United States v. Alfred Vasquez

675 F.2d 16
CourtCourt of Appeals for the Second Circuit
DecidedMarch 18, 1982
Docket594, Docket 80-1165
StatusPublished
Cited by44 cases

This text of 675 F.2d 16 (United States v. Alfred Vasquez) is published on Counsel Stack Legal Research, covering Court of Appeals for the Second Circuit primary law. Counsel Stack provides free access to over 12 million legal documents including statutes, case law, regulations, and constitutions.

Bluebook
United States v. Alfred Vasquez, 675 F.2d 16 (2d Cir. 1982).

Opinion

PER CURIAM:

Alfred Vasquez appeals from a judgment of the Southern District of New York entered on January 11, 1980, convicting him, upon his plea of guilty, of one count of conspiracy to steal and embezzle checks from the mails, 18 U.S.C. § 371, 83 counts of embezzling mail, 18 U.S.C. § 1709, and one count of making false declarations before a grand jury, 18 U.S.C. § 1623. In pleading guilty Vasquez preserved his right to appeal the denial of his motion to suppress a tape recording of a conversation he had with a government informant on the ground that it was made in violation of his Sixth Amendment right to counsel.

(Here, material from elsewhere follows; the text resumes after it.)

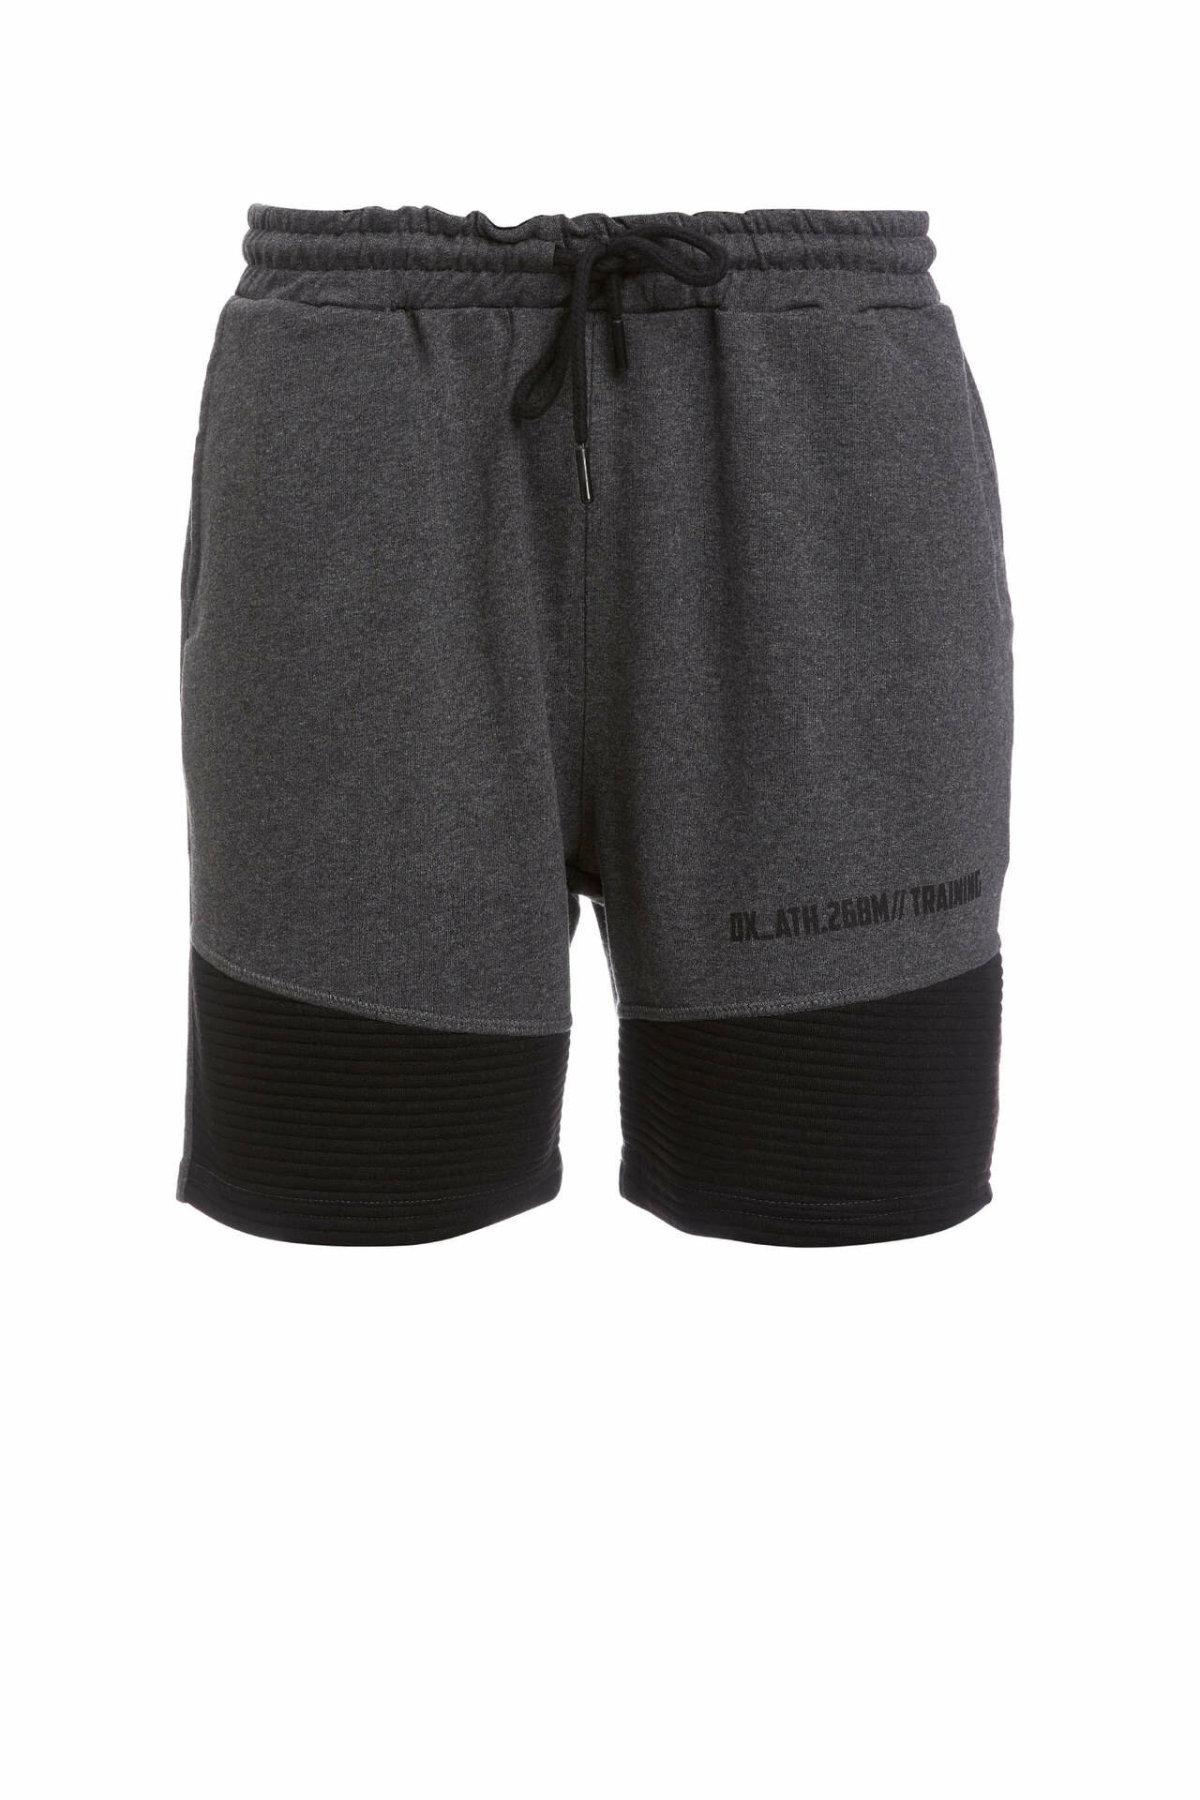 DeFacto Man's Casual Short Men's Dark Grey Short Bottoms Men's Summer Lace-up Shorts Men Short Pants-R2359AZ20SM

There is no merit to Vasquez’s argument that the tape recording was made in violation of his Sixth Amendment right *17 to counsel. While the government’s investigation of Vasquez may have commenced when he was called before the grand jury for the first time, the fact that a person is the subject of an investigation is not enough to trigger his Sixth Amendment right to counsel. See Kirby v. Illinois, 406 U.S. 682, 92 S.Ct. 1877, 32 L.Ed.2d 411 (1972); United States v. Duvall, 537 F.2d 15 (2d Cir.), cert. denied, 426 U.S. 950, 96 S.Ct. 3173, 49 L.Ed.2d 1188 (1976). For a Sixth Amendment right to counsel to attach, adversarial proceedings must have commenced against an individual, “whether by way of formal charge, preliminary hearing, indictment, information, or arraignment.” Brewer v. Williams, 430 U.S. 387, 398, 97 S.Ct. 1232, 1239, 51 L.Ed.2d 424 (1977). Vasquez’s argument is that adversarial proceedings against him commenced when he was called as a witness before a grand jury in September of 1978. That he was subpoenaed to testify as a grand jury witness, however, did not subject him to adversarial proceedings. We find unpersuasive Vasquez’s attempt to rely upon decisions of the New York state courts in light of these controlling precedents.

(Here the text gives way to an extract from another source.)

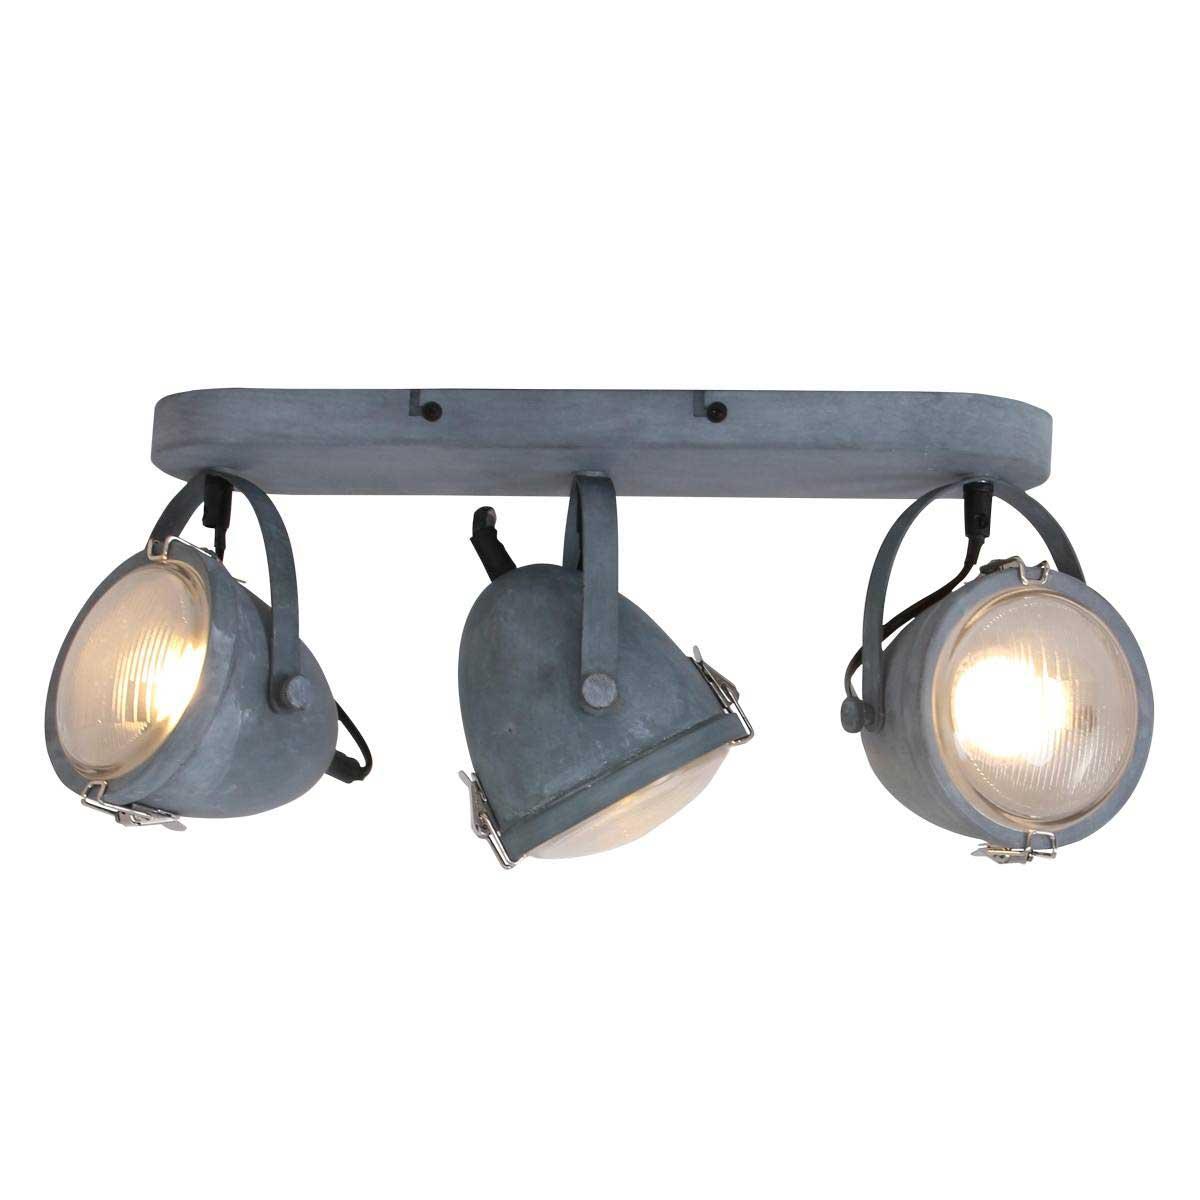 Industriële plafondlamp 3-lichts spot MEXLITE - 1314GR - industrie lamp - industriele plafondlamp - landelijk - industrieel - Mexlite

Nor do we find merit in Vasquez’s argument that, because he had at his own request been represented by counsel when he testified before the grand jury and prior to the time of the recording, Disciplinary Rule 7-104(A)(l) of the Code of Professional Responsibility was violated, entitling him to invoke the Sixth Amendment. Such a principle would simply enable criminal suspects, by retaining counsel, to hamper the government’s conduct of legitimate investigations. Even assuming this provision of the Code to be applicable to a criminal investigation, which is doubtful, it was not intended to lead to such a result. Moreover, the district court found that at the time of the recording Vasquez was not represented by counsel, and we have been presented with no evidence suggesting that this finding was in any way erroneous.

We have considered Vasquez’s other arguments and find them to be without merit. The judgment of the district court is affirmed.